It's really useful when needing to copy out (pass as outputs):

1. non-copyable objects (ex: where operator=() has been automatically deleted because the class contains a const member) OR
2. non-trivially-copyable objects (where using memcpy() is undefined behavior)

...from within a function.

This (obtaining these non-copyable or non-trivially-copyable objects from a function) could aid in unit testing that function, by allowing you to see that a certain data object now looks a certain way after being processed by that function, OR it could simply be a part of your normal API for whatever use you see fit. Let's go over these examples and explain in detail what I mean and how "placement new" can be used to solve these problems.

TLDR;

Note: I've tested every single line of code in this answer. It works. It is valid.
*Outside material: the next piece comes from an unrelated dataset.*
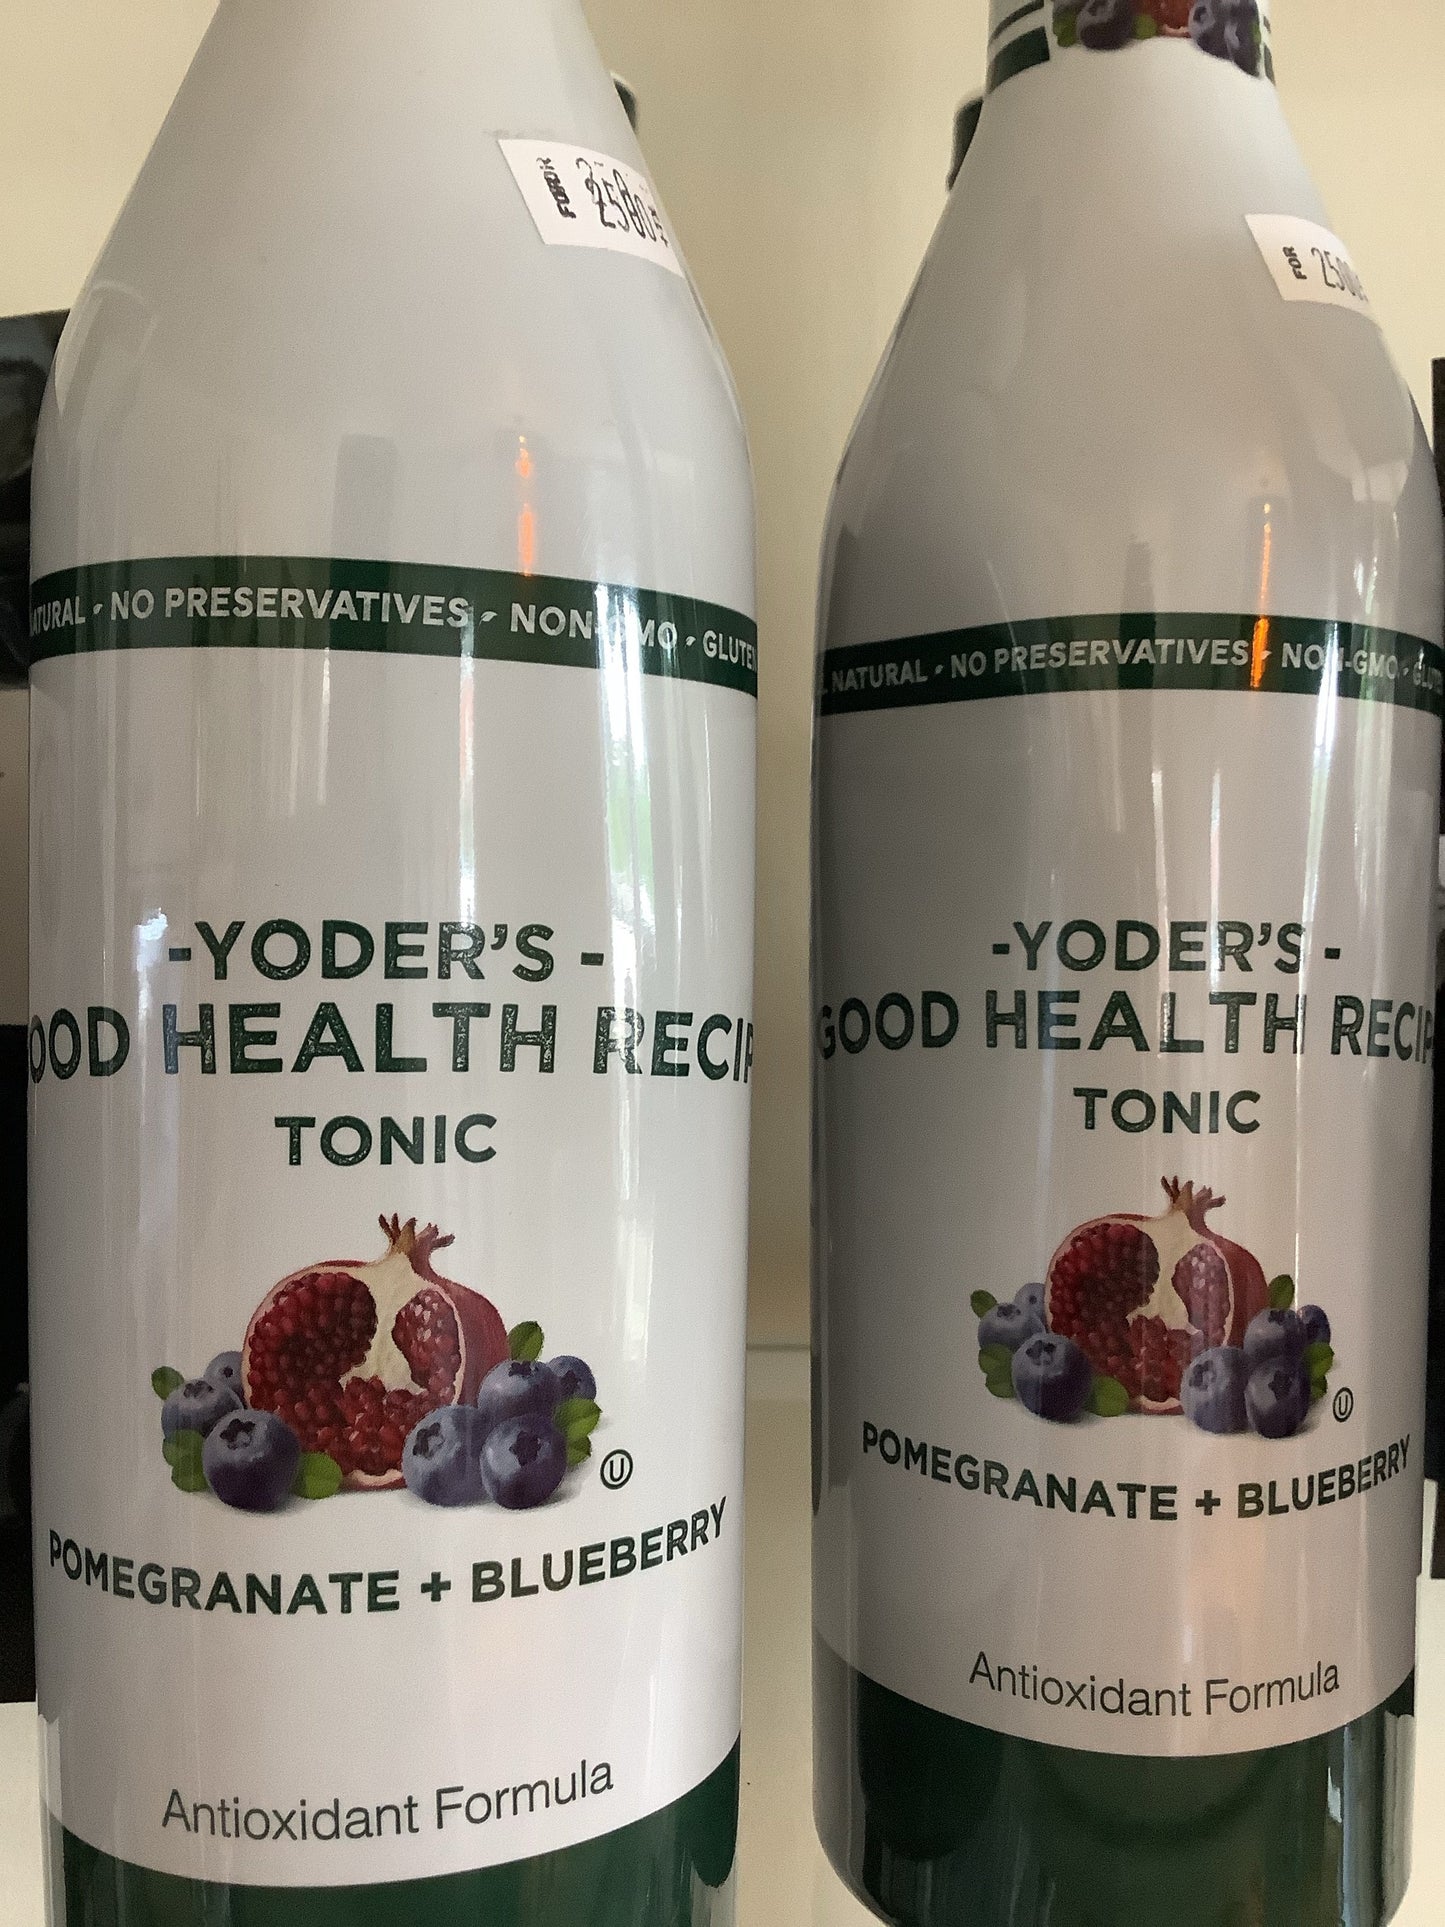 Yoder’s Good Health Recipe Tonic

It does not violate the C++ standard.

Placement new is:

1. The replacement in C++ for = when operator=() (the assignment operator) is deleted, and you need to "copy" (actually copy-construct) a therefore otherwise non-copyable object into a given memory location.
2. The replacement in C++ for memcpy() when your object is not trivially-copyable, meaning that using memcpy() to copy this non-trivially-copyable object "may be undefined".
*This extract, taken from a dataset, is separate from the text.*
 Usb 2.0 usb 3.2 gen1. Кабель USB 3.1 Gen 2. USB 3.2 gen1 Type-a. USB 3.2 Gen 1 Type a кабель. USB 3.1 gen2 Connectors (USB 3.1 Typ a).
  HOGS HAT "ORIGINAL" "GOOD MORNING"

Important: a "non-copyable" object is NOT truly non-copyable. It is simply not copyable via the = operator is all, which is a call to a class's underlying operator=() overload function. This means that when you do B = C;, what is actually happening is a call to B.operator=(C);, and when you do A = B = C;, what is actually happening is A.operator=(B.operator=(C));. Therefore, "non-copyable" objects are only copyable via other means, such as via the class's copy constructor, since, again, the class has no operator=() method. "Placement new" can be used to call any one of the many constructors which may exist in a class in order to construct an object into a desired pre-allocated memory location. Since "placement new" syntax allows for calling any constructor in a class, this includes passing it an existing instance of a class in order to have placement new call a class's copy-constructor to copy-construct a new object from the passed-in object into another place in memory. Copy-constructing one object into another place in memory...is a copy. This action creates a copy of that original object. When done, you CAN have two objects (instances), that are byte-identical, literally byte for byte (depending on your copy constructor's implementation), located in two separate places in memory. That, by definition, is a copy. It just wasn't done using the class's operator=() method is all.
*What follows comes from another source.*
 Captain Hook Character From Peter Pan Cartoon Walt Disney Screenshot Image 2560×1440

Therefore, one might define a class as being "non-copyable" if it has no operator=() method, but it is still very-much copyable, legally, according to the C++ standard and mechanisms provided by C++, safely and without undefined behavior, using its copy constructor and placement new syntax, as demonstrated below.

Reminder: all lines of code below work. You can run much of the code right here, incl. many of the code blocks below, although it may require some commenting/uncommenting blocks of code since it is not cleanly set up into separate examples.

1. What is a non-copyable object?

A non-copyable object cannot be copied with the = operator (operator=() function). That's it! It can still be legally copied, however. See the really important note just above.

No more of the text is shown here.